Дядюшка Али никогда не заставлял нас работать сверх сил, он был добрым человеком. Однажды вечером я зашел к нему, когда он молился. Он стоял на коленях и отбивал поклоны, касаясь лбом пола. Издали был слышен голос муэдзина, который с минарета посылал свои молитвы аллаху. Дядюшка Али покорно и униженно просил:

— Аллах! Если моя рука была несправедлива к человеку — отруби ее! Если мой глаз слукавил — закрой его навеки. Если в мое сердце закралась зависть — вырви его…

В первый же день я чуть не лишился доверия дядюшки Али. В Гюль-Дере молотили очень старым способом, а я решил ввести новый. Сосед моего хозяина тут же пошел и сообщил ему об этом. Так и так… Этот неверный нарушает порядок… Он погубит тебя… Но дядюшка Али не спешил с выводами. Он наблюдал за мной и, когда увидел, что мой способ молотьбы проще и лучше, сказал, обрадованный:

— Видно, аллах послал тебя мне, парень, чтобы облегчить мою работу. Молотьбу оставляю на тебя. У меня и других забот хватит…

У дядюшки Али были бахчи, луга, много коз, баранов и коров. Он не зря благодарил аллаха за то, что он послал меня ему и избавил его от забот о молотьбе! Еду нам приносила Эдавье. Каждый раз, вернувшись домой, она подробно рассказывала отцу, как идут у меня дела.

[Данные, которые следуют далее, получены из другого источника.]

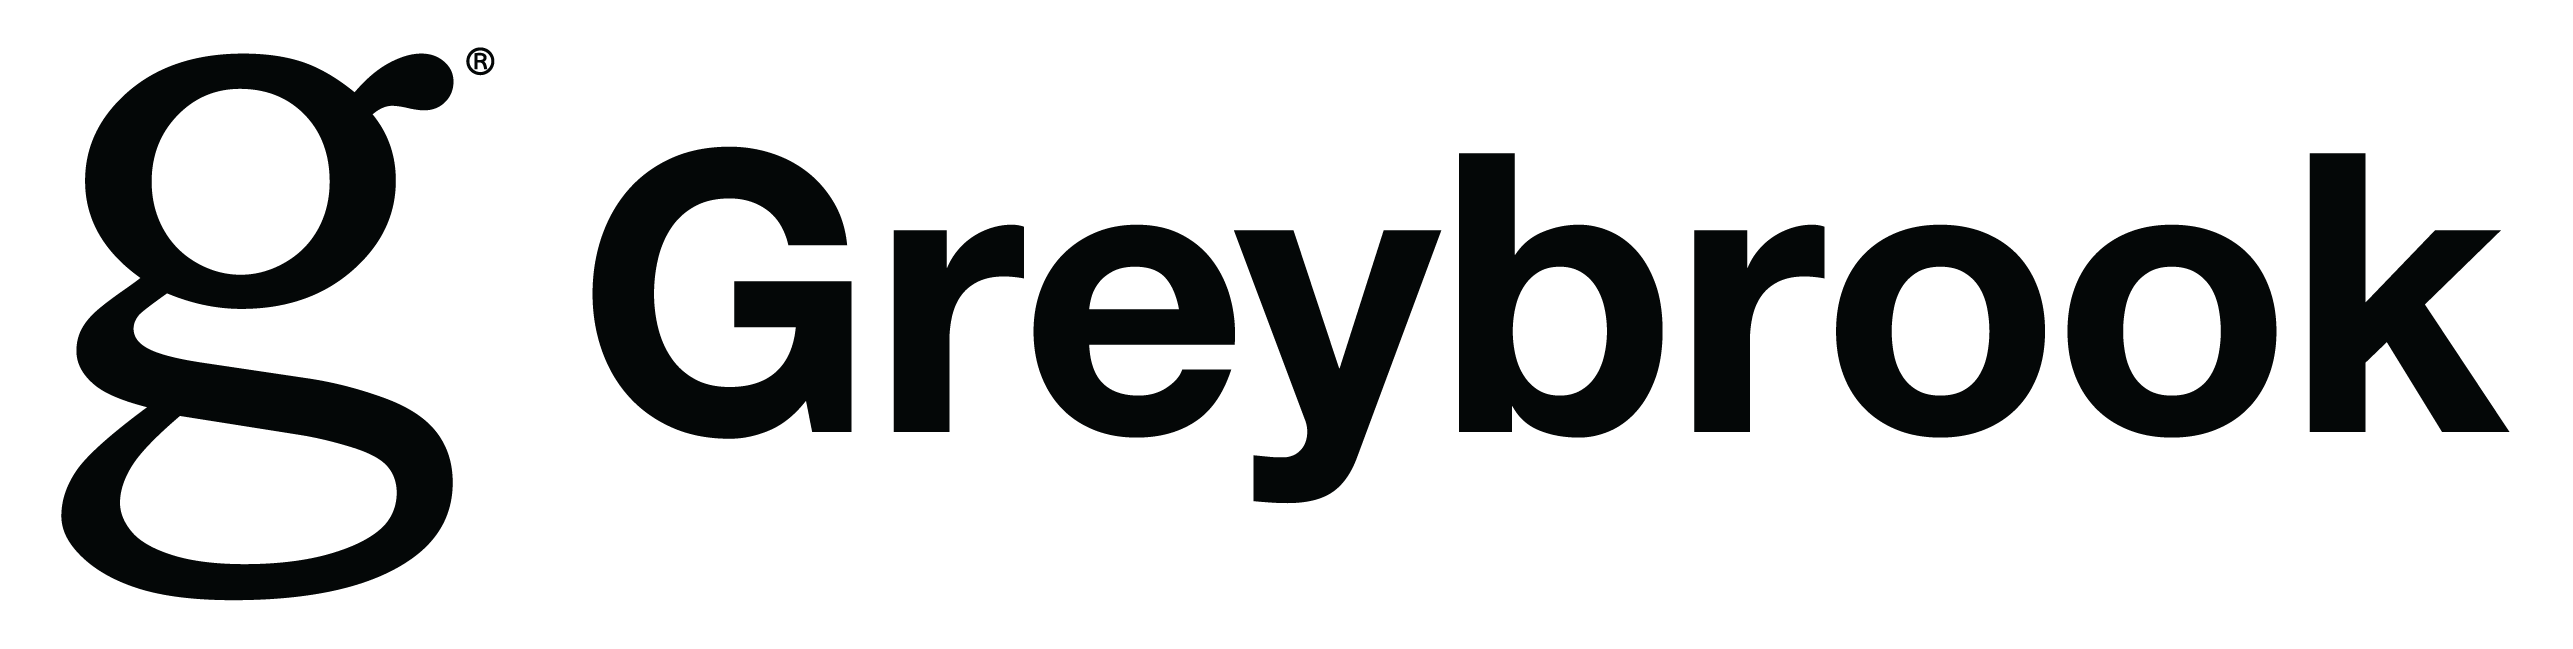 Greybrook Logo - Black

Однажды вечером Эдавье сказала мне:

— Манолис, твой хозяин, мой отец, хочет, чтоб ты сегодня зашел к нам.

Я встревожился. Чего хочет от меня старик?

А вдруг он получил приказ, чтоб мы вернулись в батальон?

Дядюшка Али встретил меня очень радушно.

— Добро пожаловать, Манолис, заходи, брат. Я позвал тебя поужинать с нами. Хочу поблагодарить тебя за твою работу. Сердце человека — лучшее, что дал ему аллах, и поступать человек должен так, как подсказывает ему сердце.

Мы уселись по-турецки у низенького столика и с аппетитом стали есть. Случайно я бросил взгляд на полку и увидел кусочек воска. Я спросил, есть ли у него пчелы и кто за ними ухаживает.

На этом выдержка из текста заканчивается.